I’m just going to drop this here:
From the article:
How can we be good stewards of collaborative trust?
TL;DR: This essay makes a lot of suggestions, but the most useful/non-obvious/actionable are likely: (1) Be generous. (2) Use author contribution statements. (3) Put “author order not finalized” if it hasn’t been.
A lot of the best research in machine learning comes from collaborations. In fact, many of the most significant papers in the last few years (TensorFlow, AlphaGo, etc) come from collaborations of 20+ people. These collaborations are made possible by goodwill and trust between researchers.

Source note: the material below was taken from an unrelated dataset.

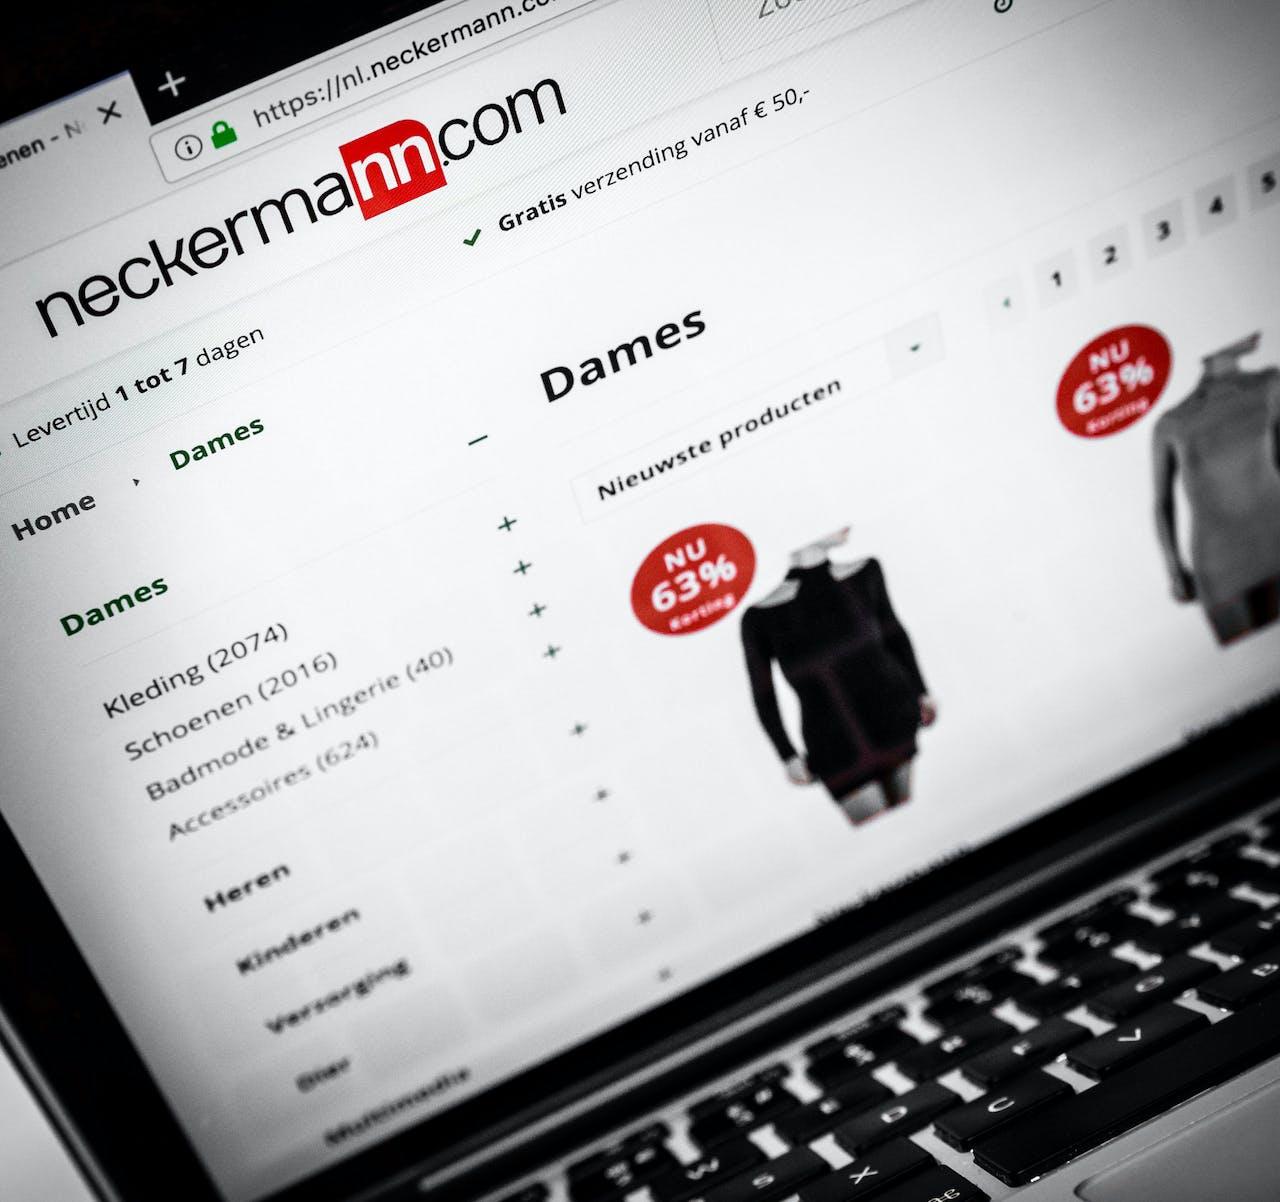 ILLUSTRATIEF - De webwinkel van Neckermann. ANP XTRA ROB ENGELAAR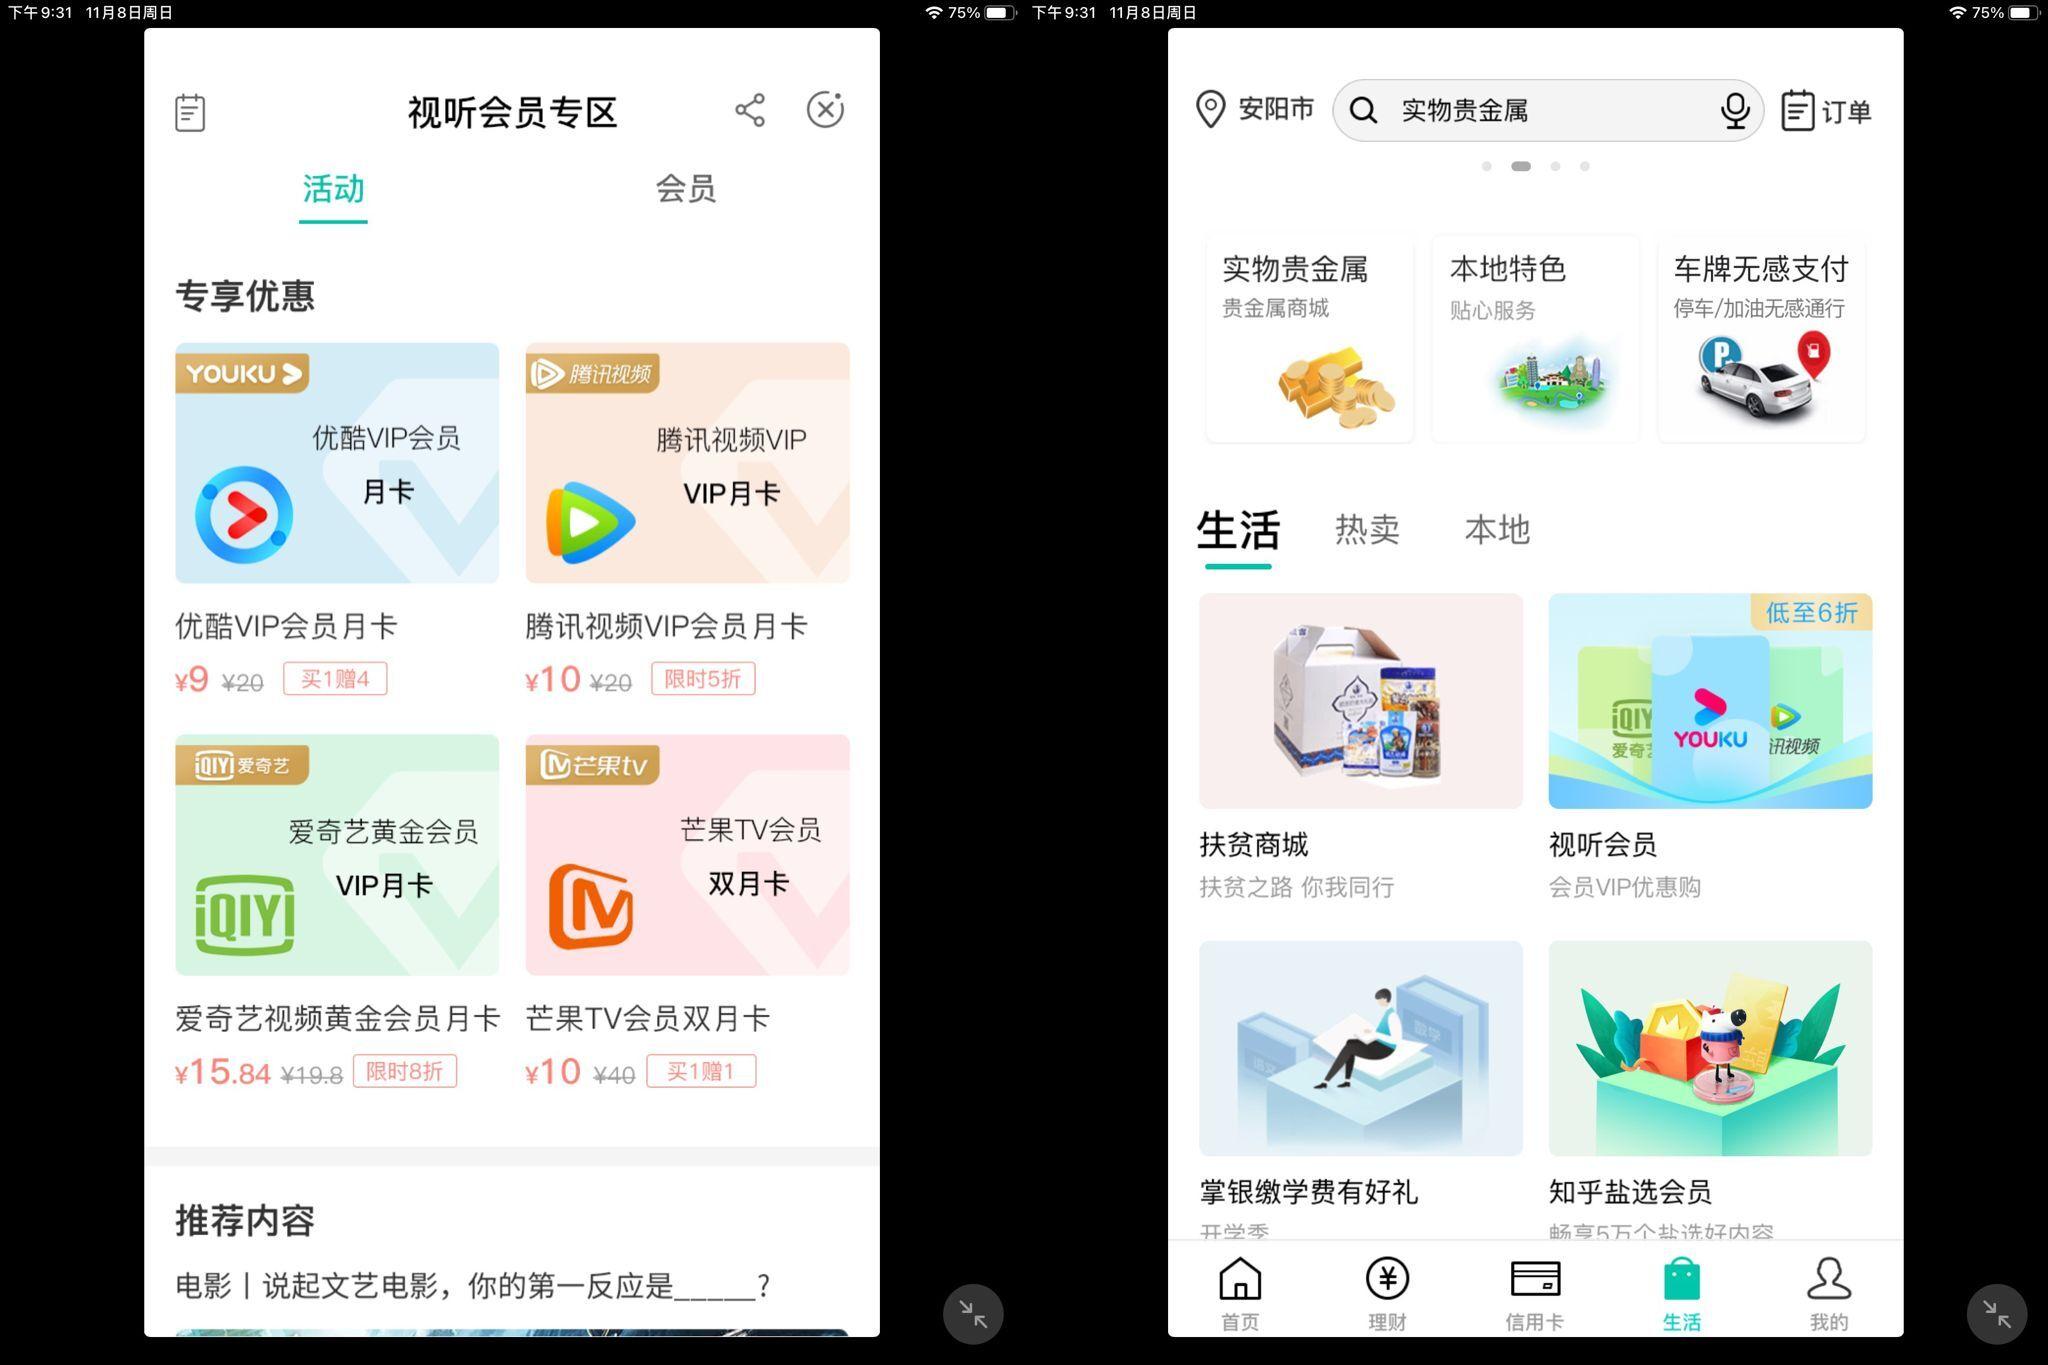 中国农业银行10元开通腾讯视频优酷视频会员一个月。

This goodwill and trust is a precious shared resource, and it can be a fragile thing. When people work together, it’s easy to have conflict, especially around attribution and credit. If dealt with poorly, attribution issues can fester. I’m aware of several cases of collaborations dieing, or people leaving teams and organizations, where and the underlying issue was hurt feelings and lost trust around collaboration. This strikes me as rather sad.
We often talk about credit issues in kind of binary terms. But if the thing we care about is this shared trust, I think it’s not enough to just avoid doing anything wrong. We must also avoid any feeling or appearance of unfairness. In fact, we’d ideally actively cultivate the opposite, to behave in ways that add back to the pool of goodwill.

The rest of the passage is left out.